Presiden baru itu berasal dari partai Janata Vimukti Peramuna (JVP) dan akan memimpin koalisi kiri-tengah baru yang disebut Kekuatan Rakyat Nasional (NPP). JVP mengobarkan dua pemberontakan besar pada awal tahun 1970an dan akhir tahun 1980an, yang mengakibatkan hilangnya puluhan ribu nyawa dan kekerasan skala besar yang dilakukan oleh JVP dan negara. Namun, partai ini telah berkembang jauh dari perpaduan antara Marxisme-Leninisme revolusioner dan nasionalisme etnis Sinhala, dan telah beralih ke arus utama yang berhaluan tengah. Partai ini mempunyai akar di daerah pedesaan di bagian selatan negara tersebut, namun partai ini membangun basis di pinggiran kota dan kota-kota kecil, dan juga menarik dukungan kelas menengah dengan mengangkat isu korupsi. Kemampuan mereka untuk merebut kekuasaan negara melalui pemilu bergantung pada krisis ekonomi yang belum pernah terjadi sebelumnya karena mereka dengan sabar menunggu arah politik berubah.

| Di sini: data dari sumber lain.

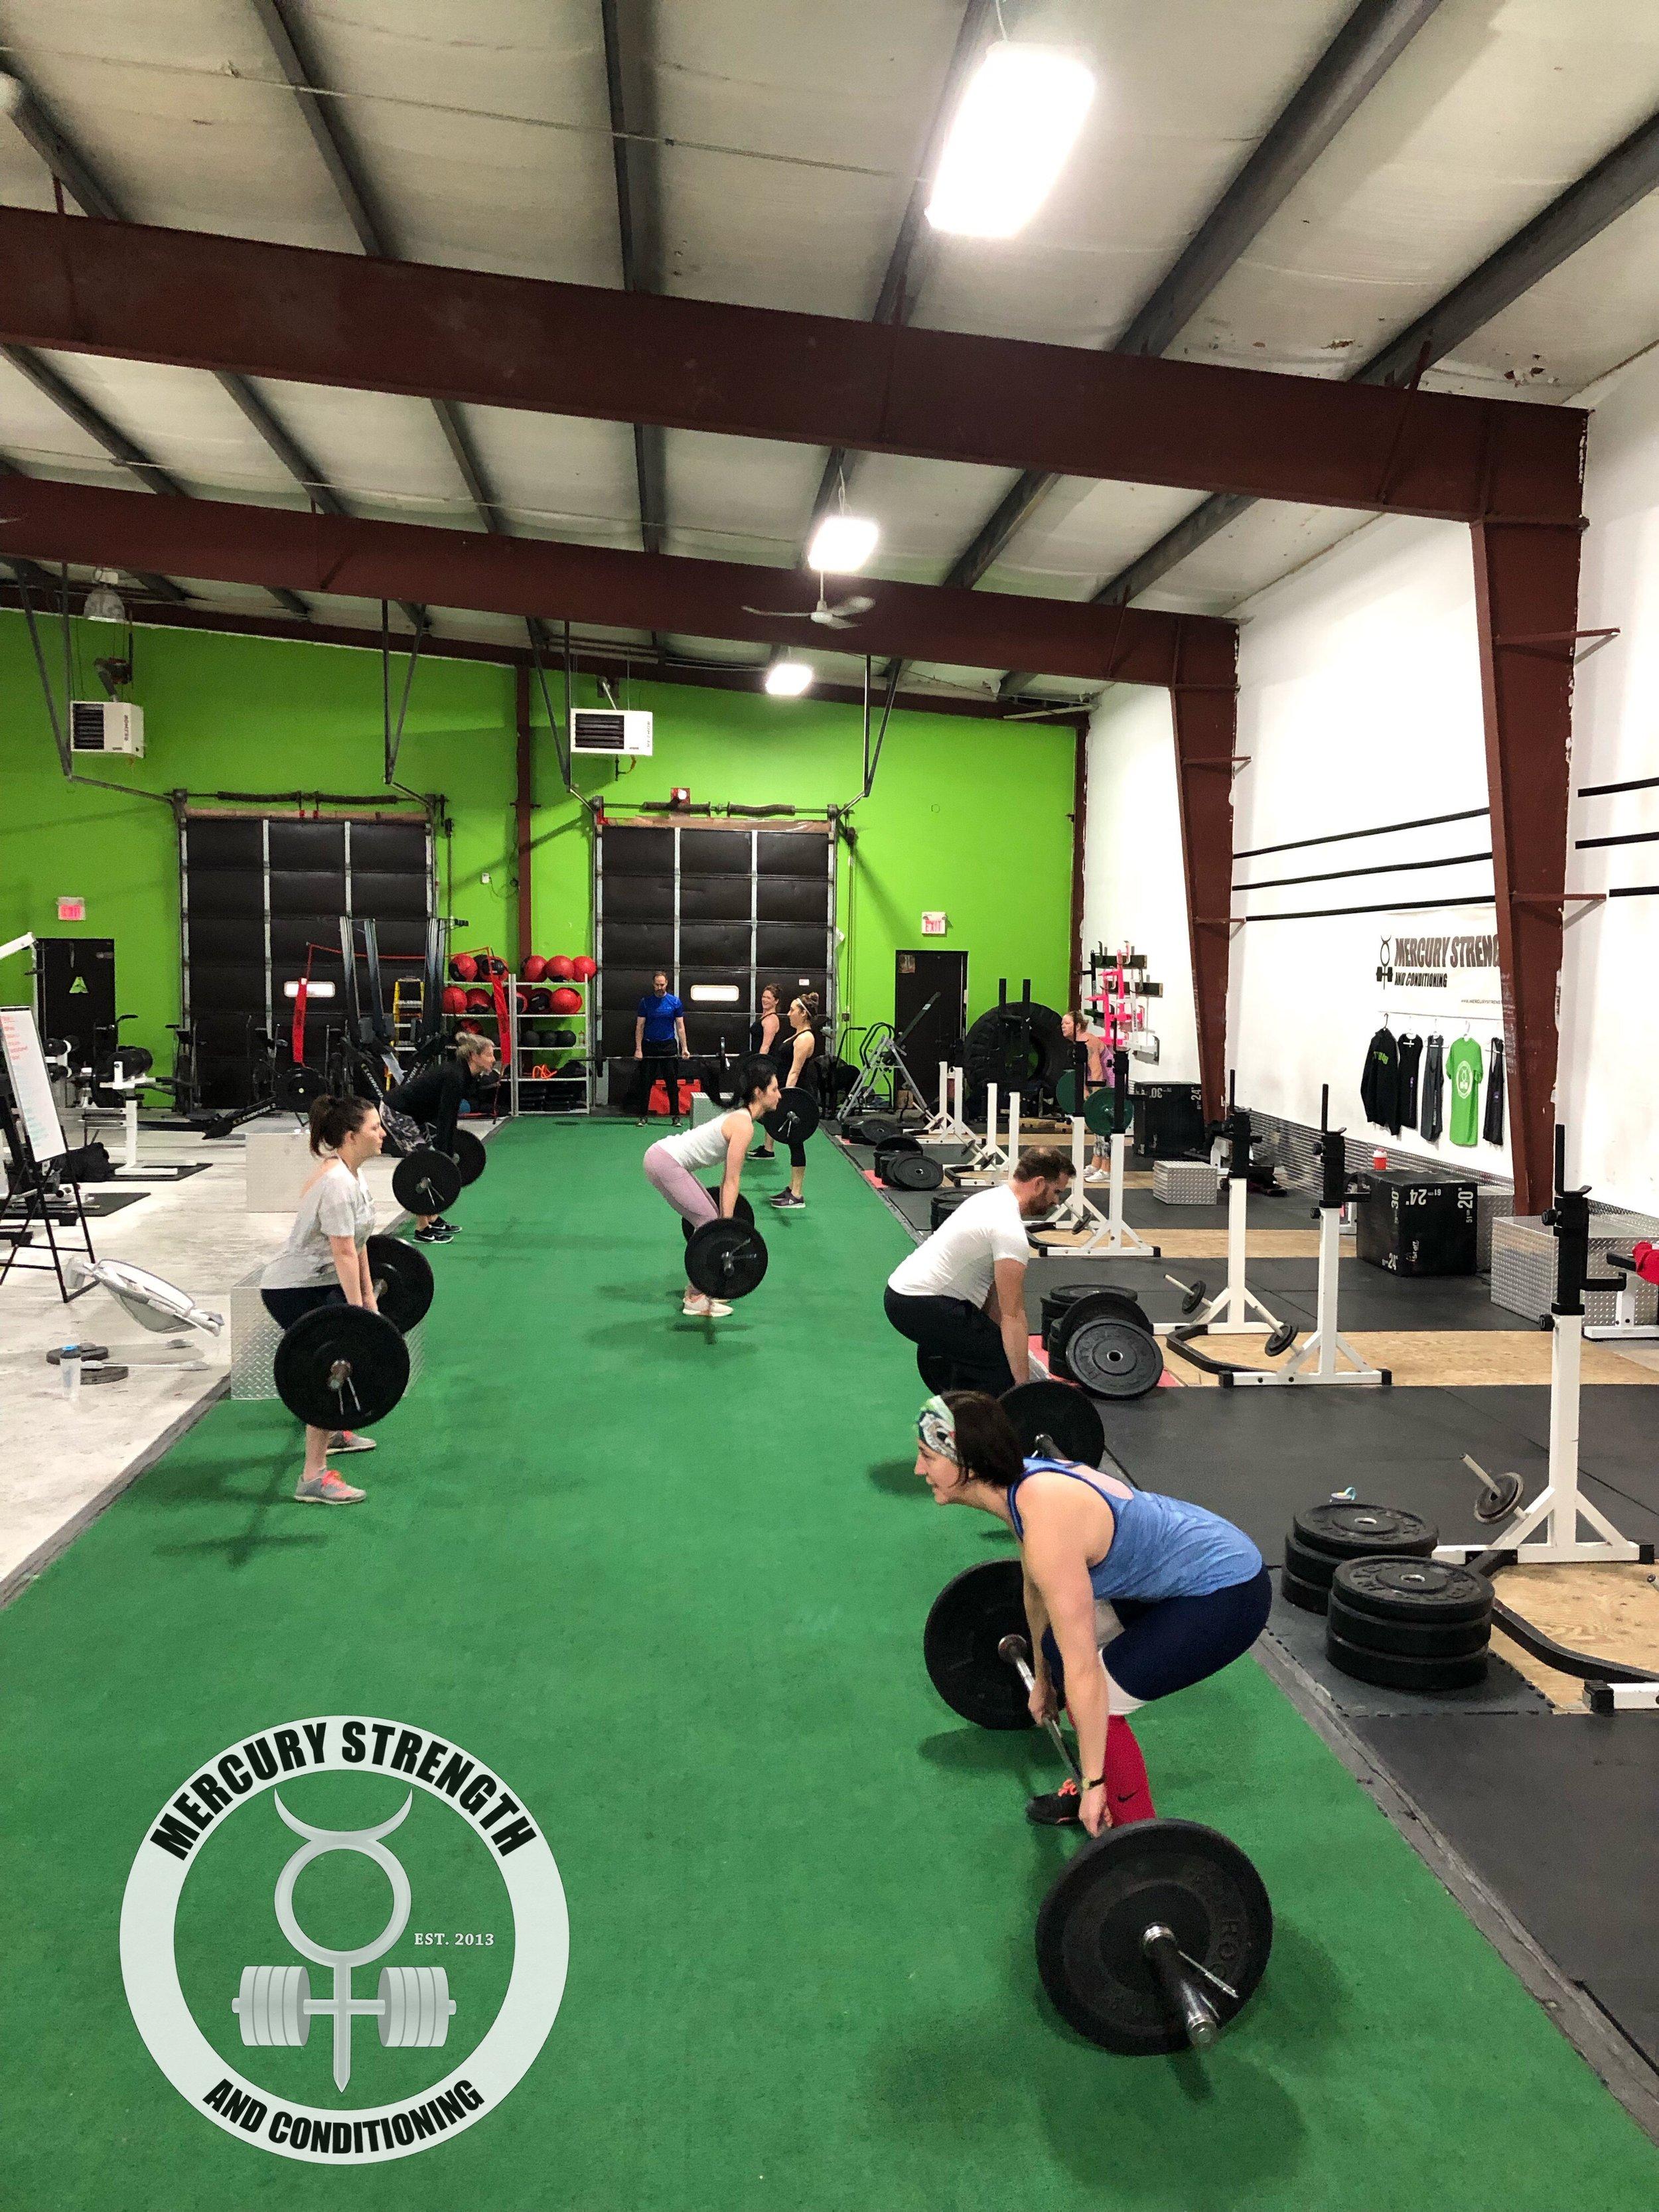 Gym-powerlifting-fitness-personal training-training-bootcamp-crossfit-kingston-kingston gym-kids-mercury-strength-conditioning-athlete-deadlift

Namun kemenangan tersebut terjadi pada saat yang tidak menyenangkan, karena negara yang bangkrut ini harus melakukan langkah-langkah penghematan yang ketat sejalan dengan kebijakannya. Ketentuan perjanjian dengan Dana Moneter Internasional (IMF) yang berbasis di Washington Lembaga keuangan yang telah lama mempromosikan pemotongan kesejahteraan sosial di negara-negara berkembang atas nama kebebasan pasar.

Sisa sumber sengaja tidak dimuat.